Task requirements
Leave the pictures out and repeat the rest of the data below exactly.

*** Given material Section Begins ***

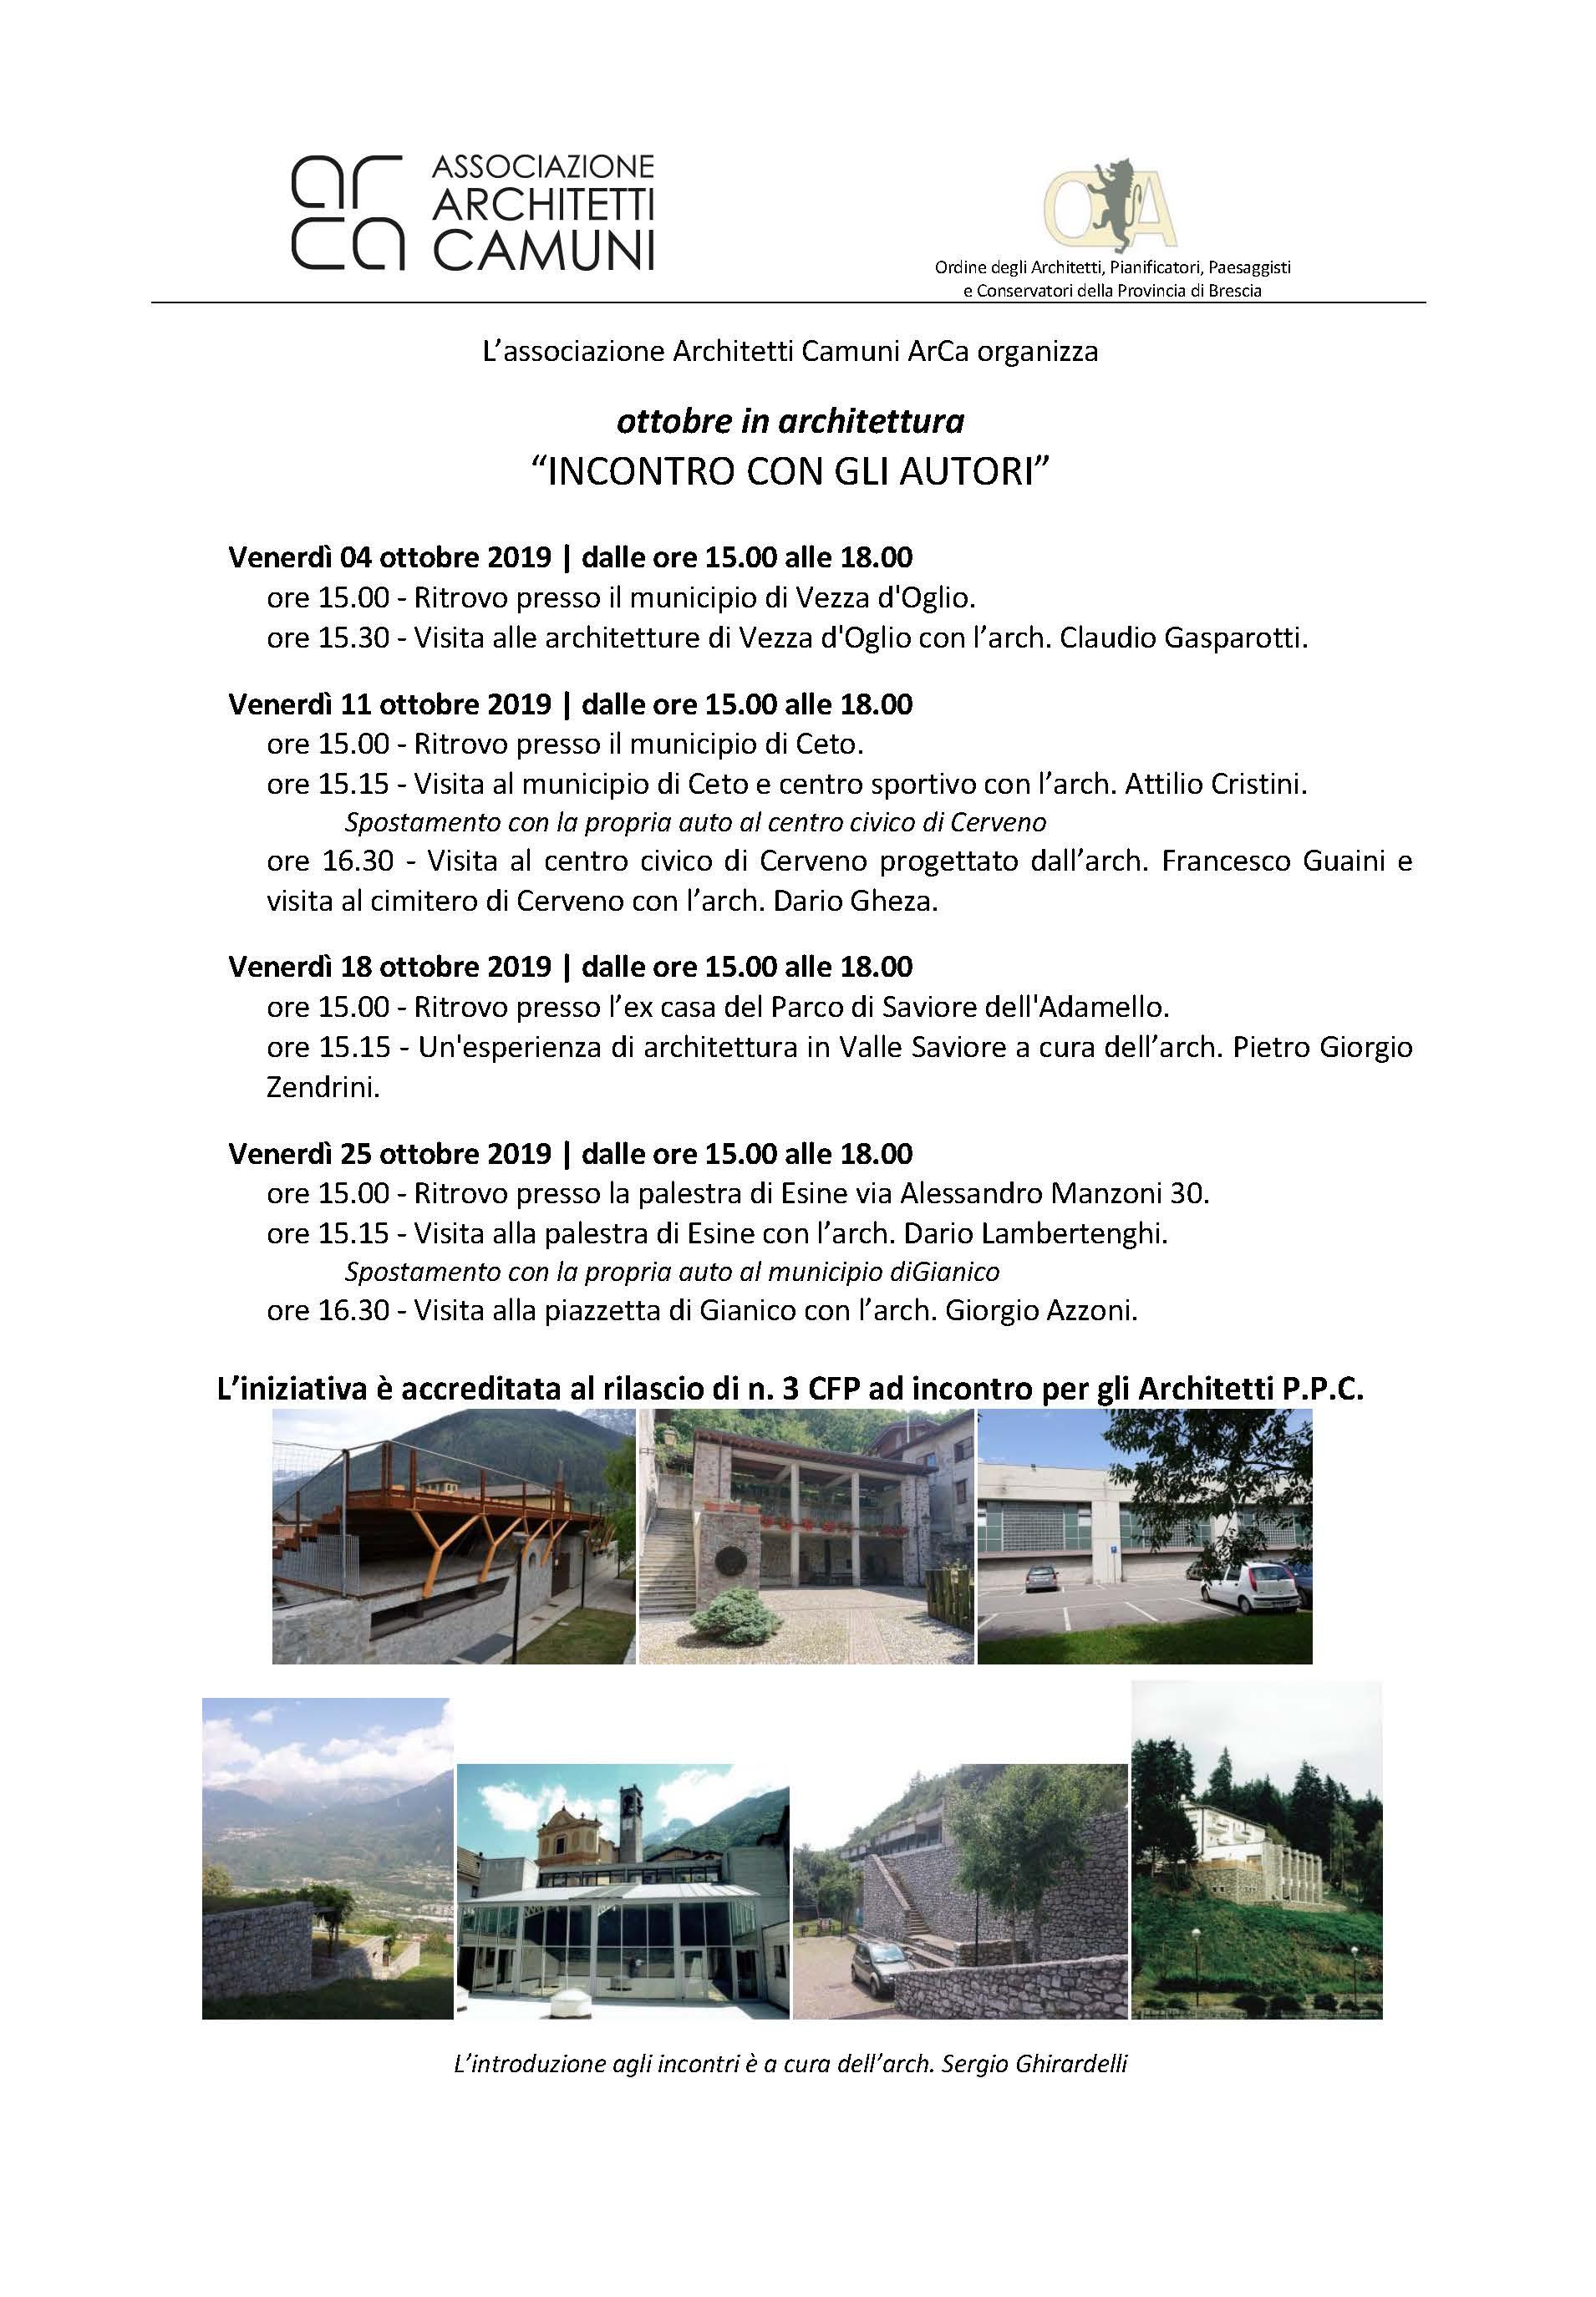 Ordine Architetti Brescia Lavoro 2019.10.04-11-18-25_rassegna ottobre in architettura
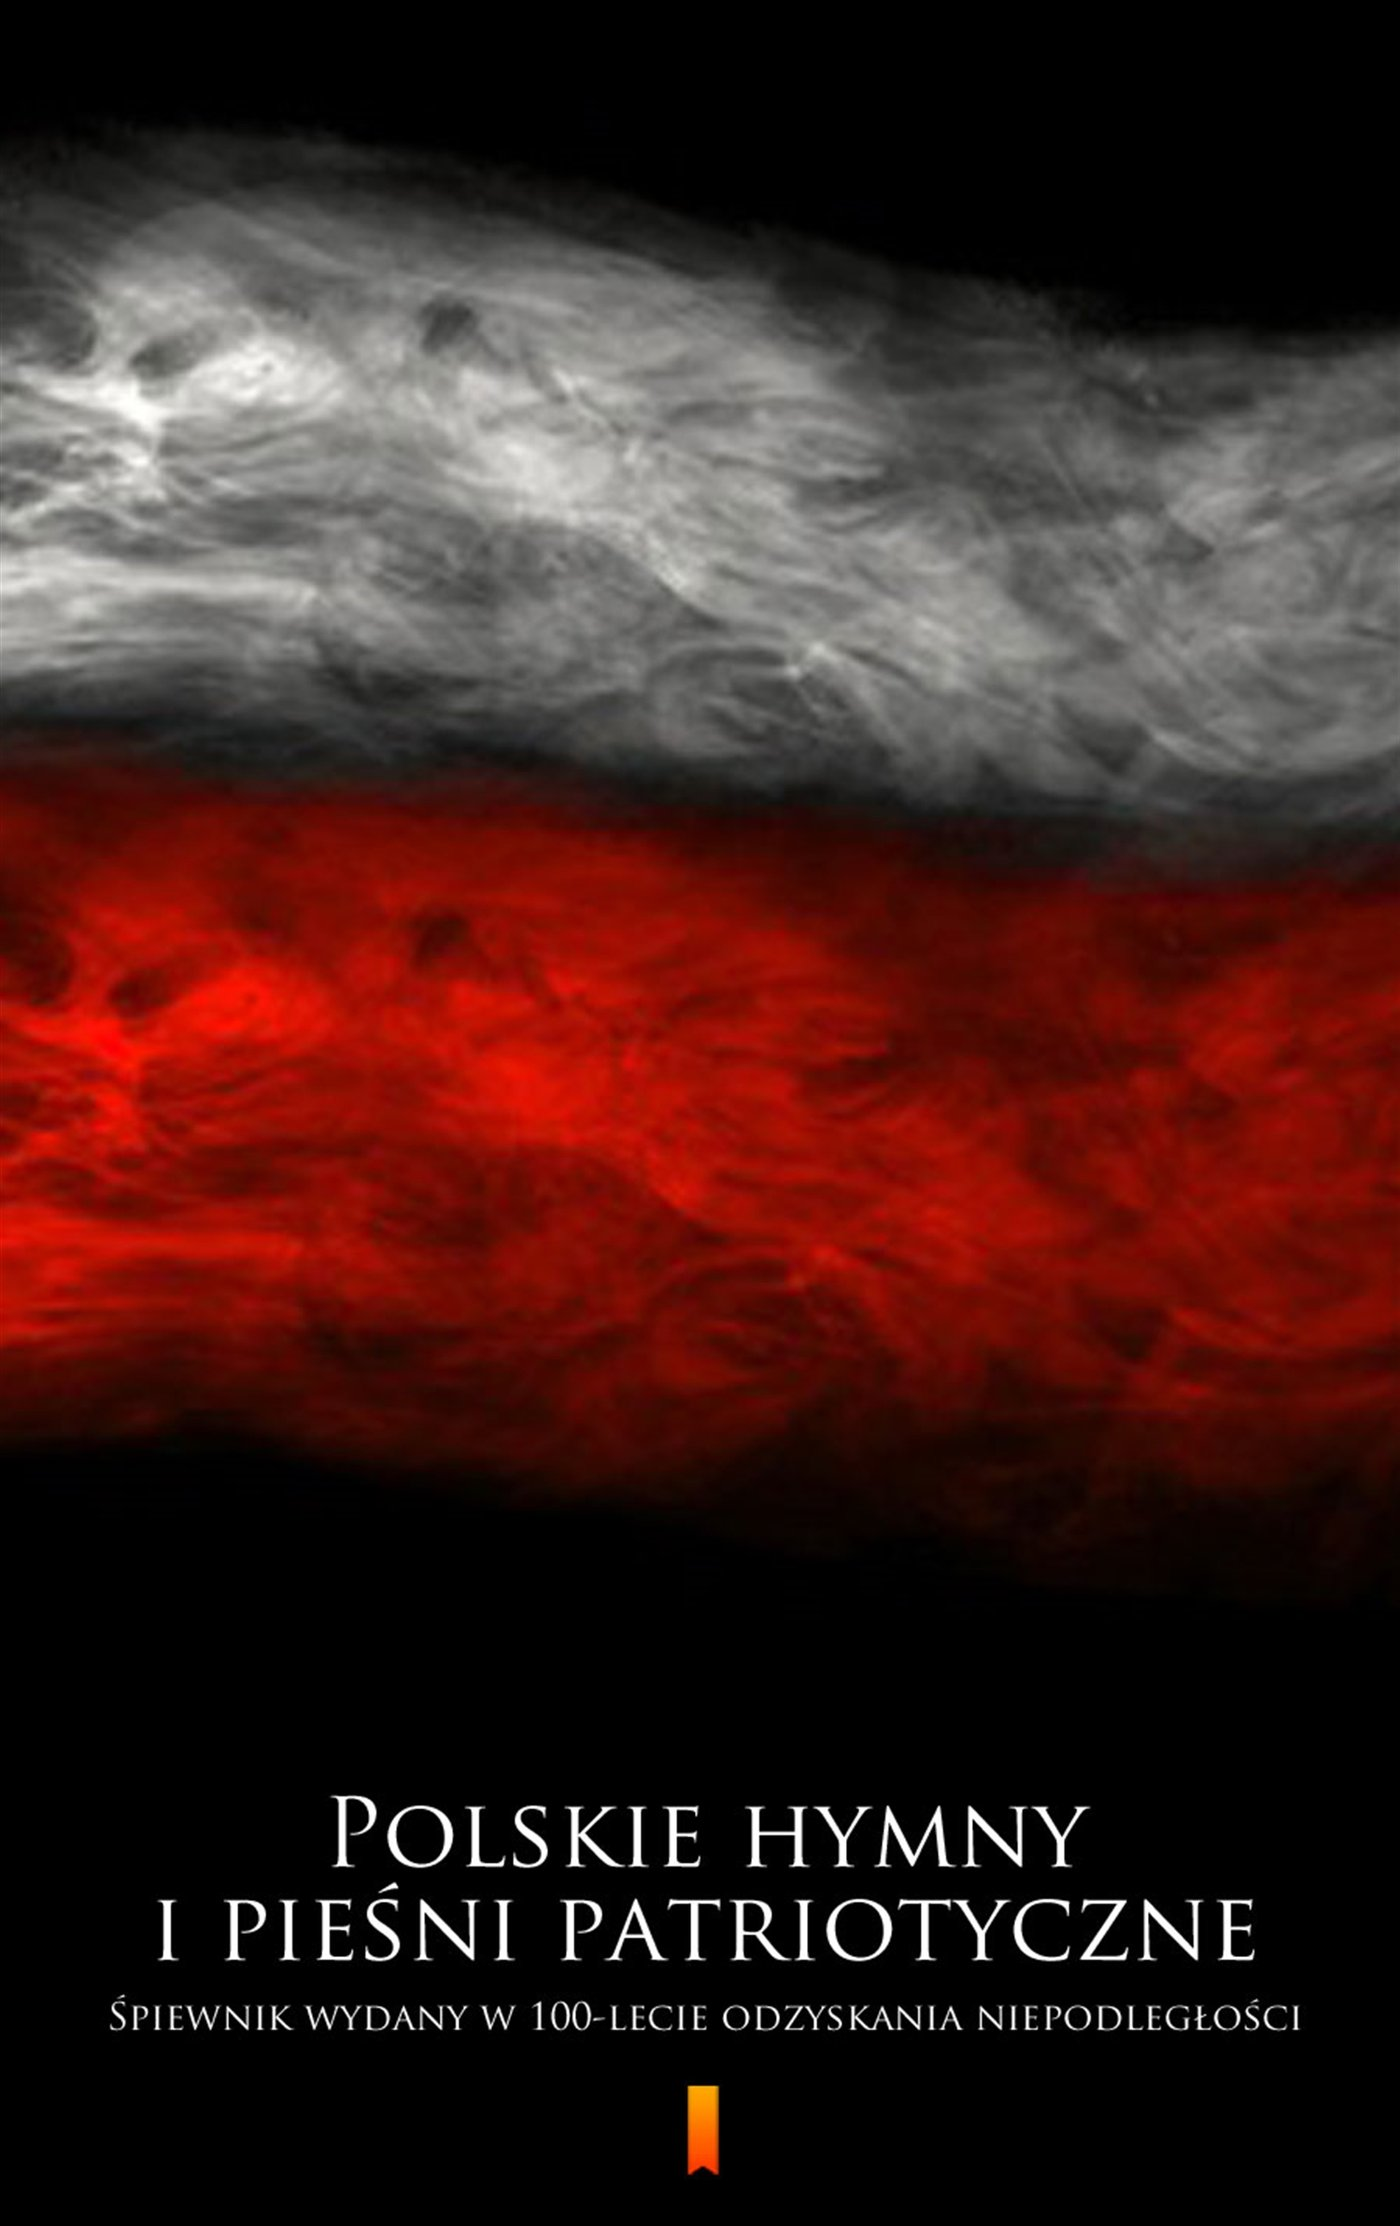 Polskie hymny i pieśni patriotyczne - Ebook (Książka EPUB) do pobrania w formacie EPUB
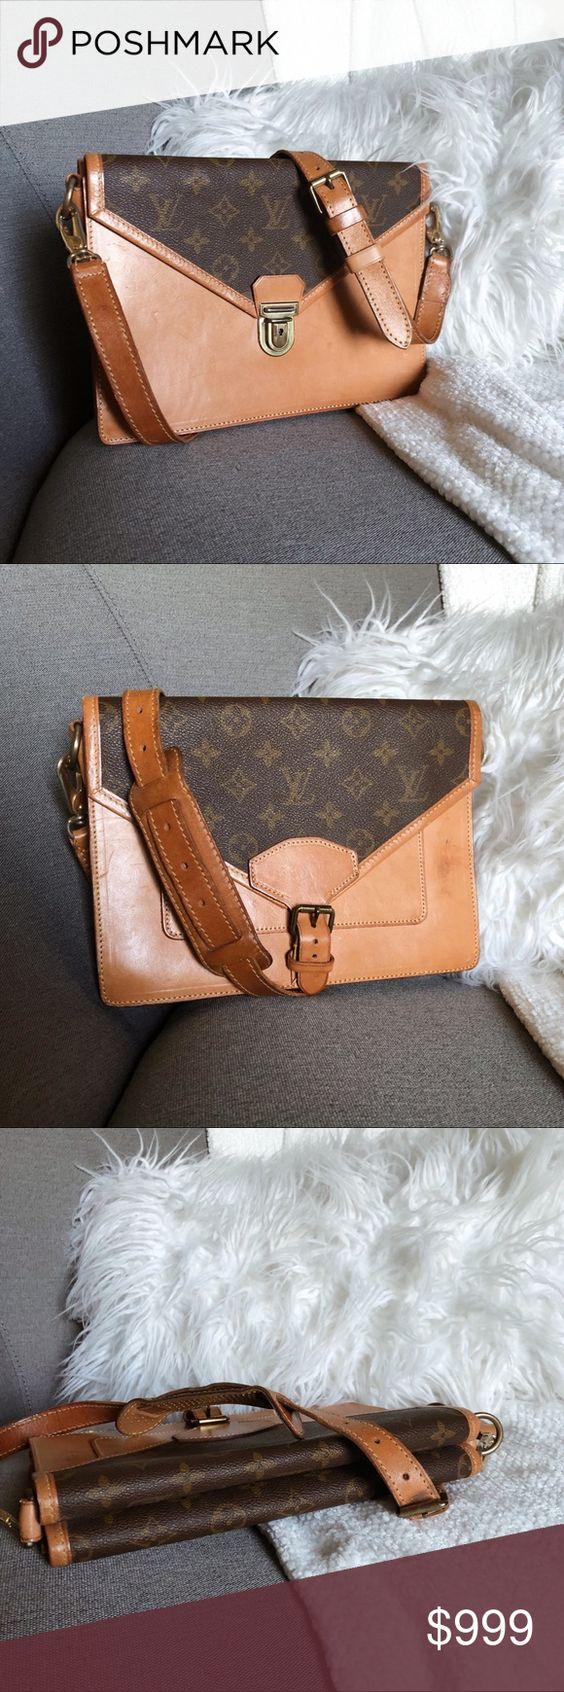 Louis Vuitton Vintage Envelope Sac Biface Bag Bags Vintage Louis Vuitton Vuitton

*** Given material Section Ends ***

Response to the task
 Ordine Architetti Brescia Lavoro 2019.10.04-11-18-25_rassegna ottobre in architettura
 Polskie hymny i pieśni patriotyczne - Ebook (Książka EPUB) do pobrania w formacie EPUB
 Louis Vuitton Vintage Envelope Sac Biface Bag Bags Vintage Louis Vuitton Vuitton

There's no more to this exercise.